There are major gaps in our understanding of mechanisms by which DNA damage is sensed, processed and repaired, and the basis for integration of these events with the cellular life cycle is incompletely understood. Existence of such gaps presents a fundamental problem that precludes our understanding of how cells achieve genome maintenance and prevent cancer in response to environmentally-induced DNA damage. The long-term goal is to elucidate the cellular mechanisms whereby cells coordinate cell cycle progression with sensing, tolerance and repair of DNA damage. The objective in this particular application is to elucidate the roles of an E3 ubiquitin ligase termed 'Rad18'in tolerance of bulky DNA adducts (such as B[a]P- and UV-induced lesions) via Trans-Lesion Synthesis (TLS) and in repair of Double Strand Break (DSB) that arise during S-phase. Based on strong preliminary data, the central hypothesis of this application is that direct phosphorylation of Rad18 by cell cycle and DNA damage-responsive protein kinases is necessary for activating DNA repair, dictating choice of DNA repair pathway and integrating DNA repair with other elements of the cell cycle to enforce genome maintenance. The rationale for the proposed research is that elucidating mechanisms of DNA repair will lead directly to a better understanding of the pathogenesis of cancer.

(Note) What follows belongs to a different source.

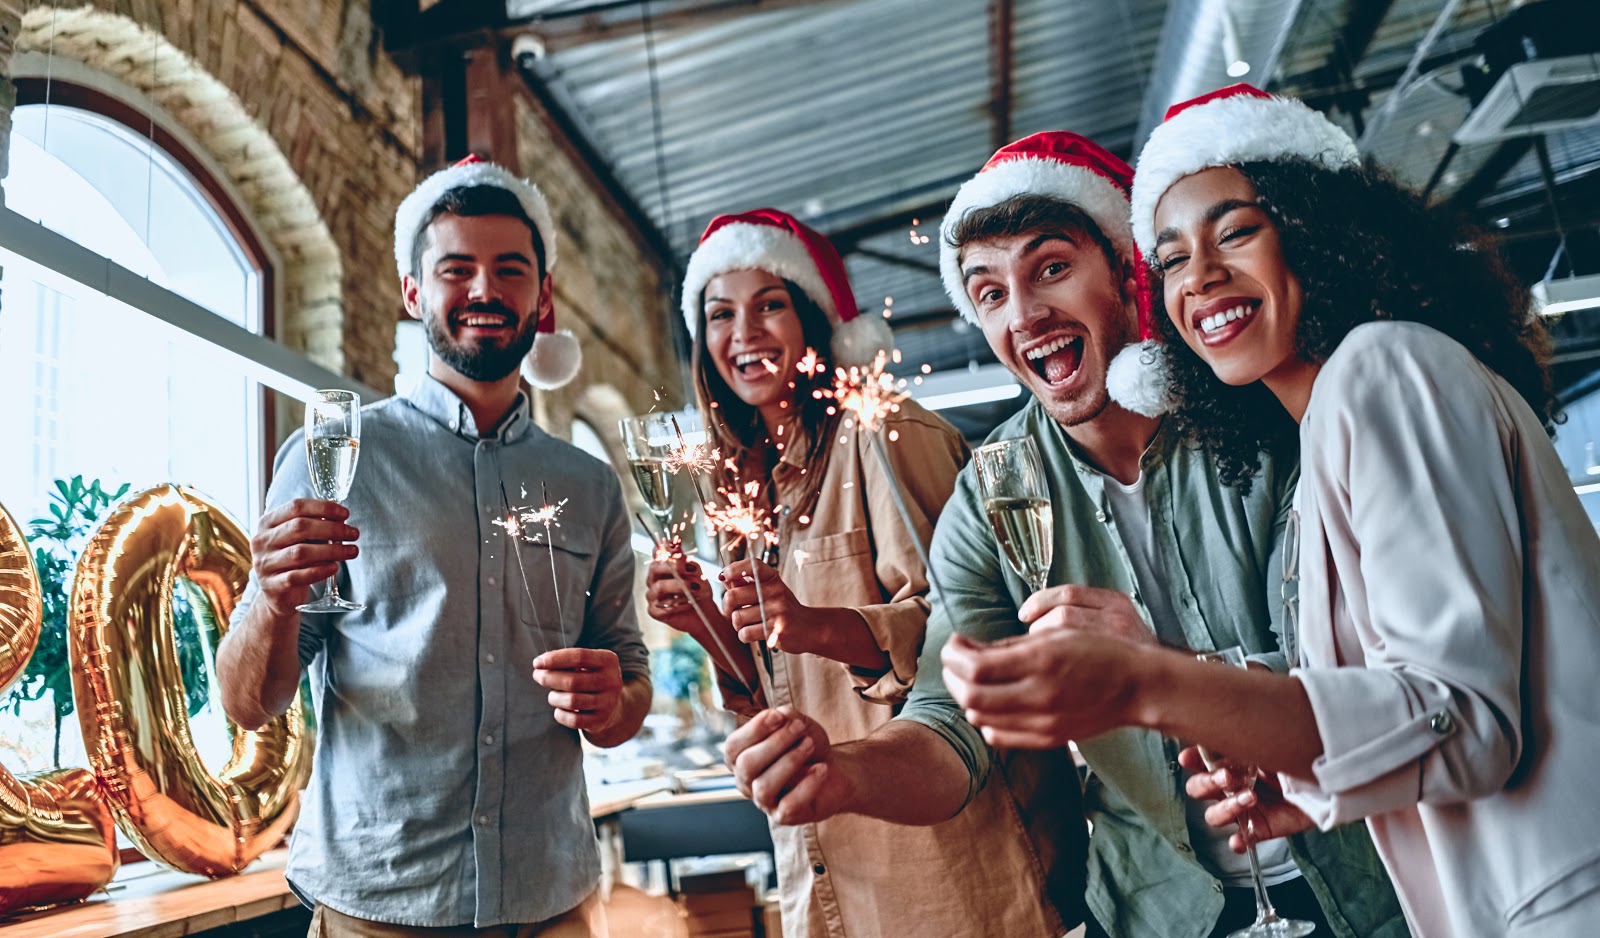 Company Christmas party ideas: A group of coworkers hold champagne glasses at an office holiday party

The specific aims of this proposal are: (1) To determine the mechanisms that initiate Rad18-dependent TLS of bulky DNA adducts. (2) To determine the TLS-independent mechanism(s) of Rad18-mediated DSB repair. (3) To elucidate roles of Rad18 in genome maintenance and tumor suppression in vivo.
For Aim 1, Rad18 phosphorylation and its phosphorylation-dependent regulation of TLS proteins will be studied in vitro and in cultured cells.
Aim 2 will examine the Rad18 E3 ligase-dependence of biochemical signaling pathways involved in DSB sensing and repair.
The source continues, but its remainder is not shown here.